A walk in the park

WORDS: Alma Viviers PHOTOS: Jan Ras


 

After the last Vuvu-toting fans departed and the leftover soccer-inspired curios vanished from the shops, the 2010 FIFA World Cup’s true legacy has started to surface – nowhere more so than in the City of Cape Town.

For the first time in ages is it possible to walk from the city centre to the very edge of the shore in Mouille Point. One can amble along the fan walk, cross the pedestrian bridge spanning busy Buitengracht Street, then follow the non-motorised route all the way to the Cape Town Stadium precinct and beyond to the sea. An integral part of the Stadium precinct’s legacy is the magnificent Green Point Urban Park.

The Green Point Common, where the park and stadium are now located, has a rich and interesting history as a recreational space in the city. Dating back more than 350 years, it has been used for grazing of livestock, horse-racing events, the staging of sailing regattas in the seasonal wetland in winter and, more infamously, the housing of the British prisoner-of-war camp of Boer women and children during the Anglo-Boer War. More recently it has been a home to various sports clubs, as well as the regular Sunday flea market. 

When it was decided to locate the new Cape Town Stadium, a large park formed part of the master plan, making sure that part of this area returned to public use. 

OVP Associates were the landscape architects in charge of this master planning and reconfiguration of the precinct to accommodate the various recreational uses. They also oversaw the detailed design and implementation of the sustainability-driven Green Point Urban Park, and the precinct’s interconnection to the surrounding urban fabric and city.

The result is a wonderful public green space where dogs, children, flat-dwellers and seagulls commune.
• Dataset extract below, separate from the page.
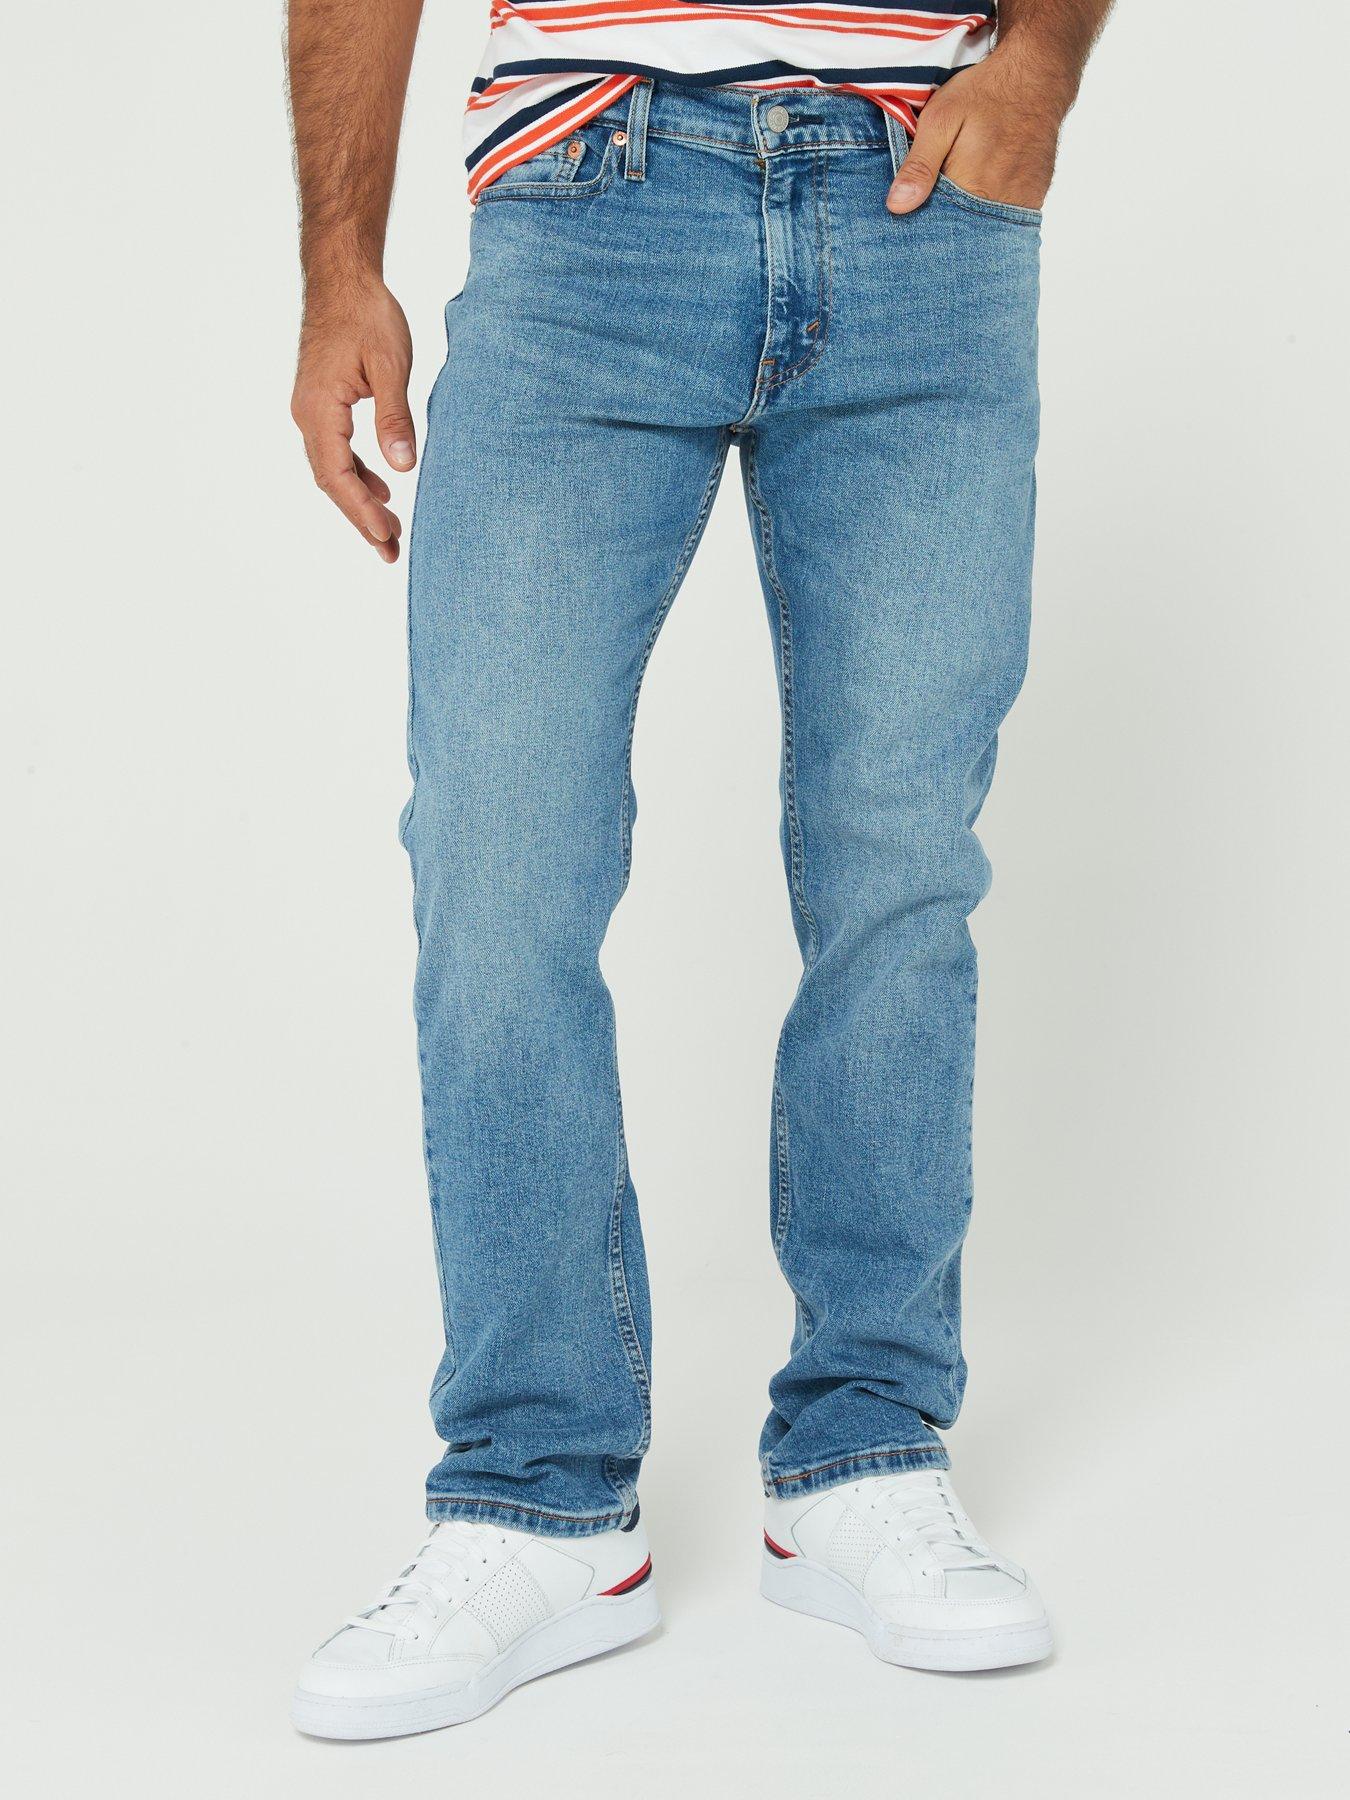 513 Slim Straight Fit Jeans - Far Out Clb Adv - Blue

The park is laid out along an east-west paved walkway that runs all the way to the Mouille Point Lighthouse. The walkway is flanked on the one side by the Green Point Golf course, and almost a hundred hectares of pristine park on the other 

The park layout itself has several zones or areas, including a fitness park complete with exercise equipment, an amphitheatre and children’s play park, as well as a biodiversity garden. The biodiversity garden is a wonderful educational experience that highlights the incredible resource we have in indigenous plants; as food source but also medicinal and household use. 

But the park doesn’t just teach, it leads by example. Designed along ecological principles, it makes full use of indigenous planting, uses water from the Table Mountain springs (which previously simply spilled intro the ocean) to irrigate the garden and encourage recycling as part of park-going behaviour. The creation of the space seems like it has already encouraged a return of biodiversity with an abundance of bird life.

Dotted throughout are amenities like benches and picnic tables as well as drinking fountains for dogs and humans alike. The variety of water features, the combination of materials used and the public art all combine to make this a park experience like no other.

The success of the park highlights the importance and need for well-designed, democratic public space where people can relax, learn, exercise, feel like they are part of a community and experience nature – certainly a legacy to be proud of.

The park is open daily from 7h00 to 19h00. Entrance is free.